Últimas Notícias>Coronavírus|z_Areazero
|
6 de maio de 2020
|
18:02

Covid-19: Estratégia de testagem será determinante para nova fase de distanciamento controlado

Por
Sul 21
sul21@sul21.com.br
Foto: Leopoldo Silva/Agência Senado

Luciano Velleda

Depois de atravessar o mês de abril com pouca capacidade para realizar testes que detectam o novo coronavírus, o Rio Grande do Sul lentamente inicia o mês de maio com uma perspectiva melhor.
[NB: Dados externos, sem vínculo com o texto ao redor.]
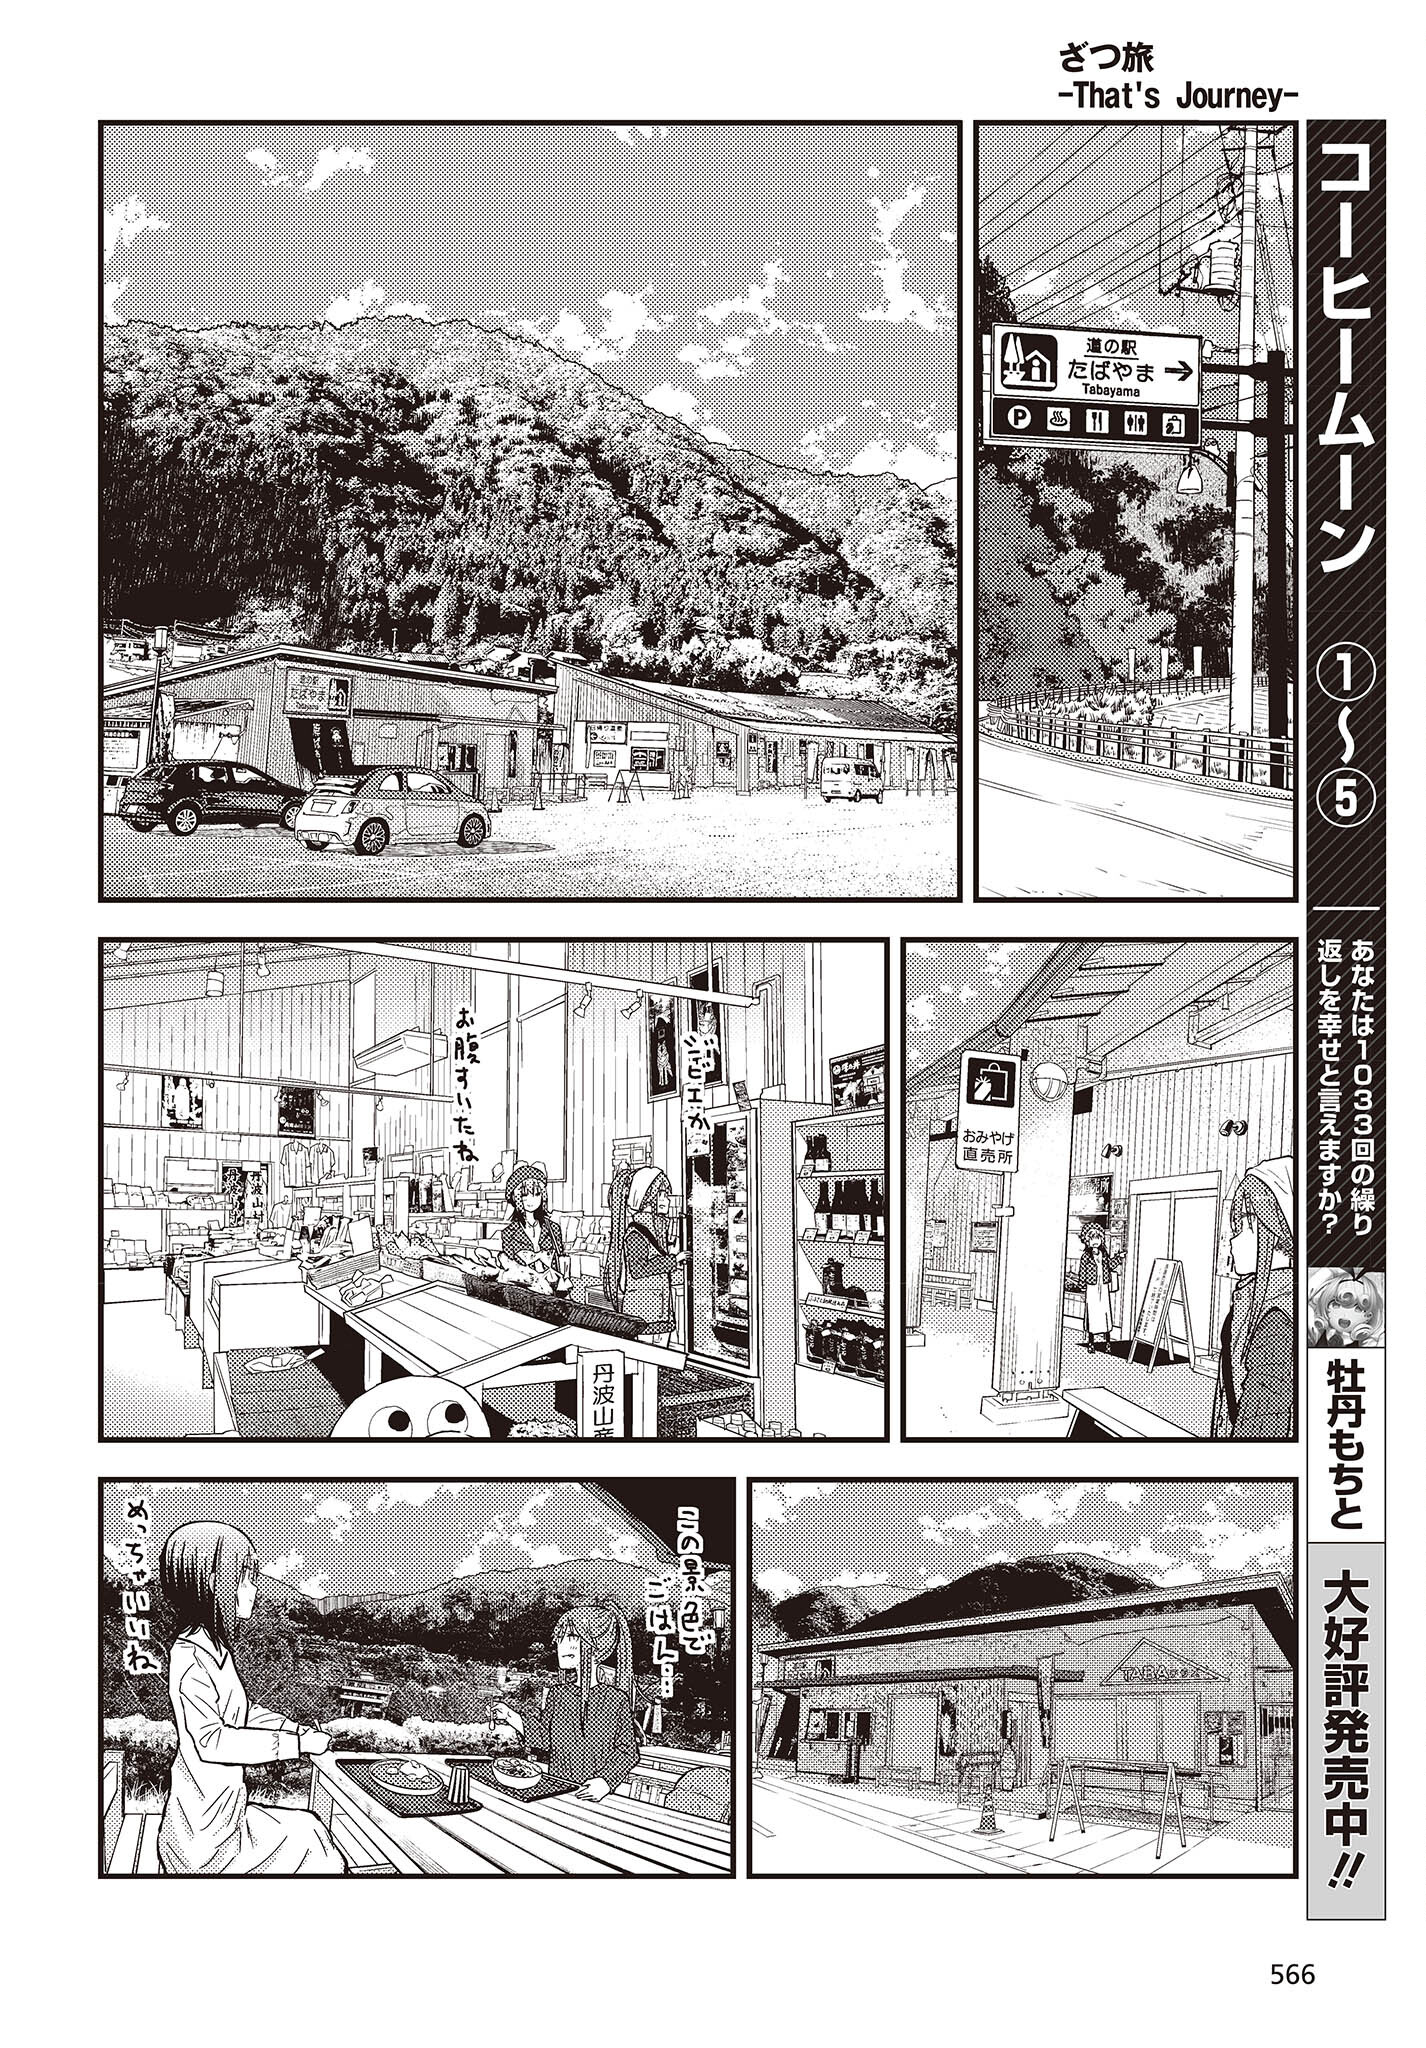 ざつ旅-That’s Journey- 第26.2話 - Page 8

Segundo dados do Governo do Estado, se até o final de abril foram feitos apenas cerca de 7,5 mil testes, neste mês a estimativa é ter 75 mil testes PCR para serem aplicados, quantidade que se soma aos 216 mil testes rápidos enviados pelo Ministério da Saúde. Com a maior aquisição de testes e a habilitação de novos laboratórios para realizar o exame, a questão passa a ser como usar de forma correta essa ferramenta considerada fundamental no enfrentamento da pandemia.

Para o doutor Ricardo Kuchenbecker, professor de Epidemiologia da Faculdade de Medicina da Universidade Federal do Rio Grande do Sul (UFRGS), é preciso aprender com as melhores experiências obtidas até o momento. Neste caso, o professor cita especificamente a Coreia do Sul e a Alemanha.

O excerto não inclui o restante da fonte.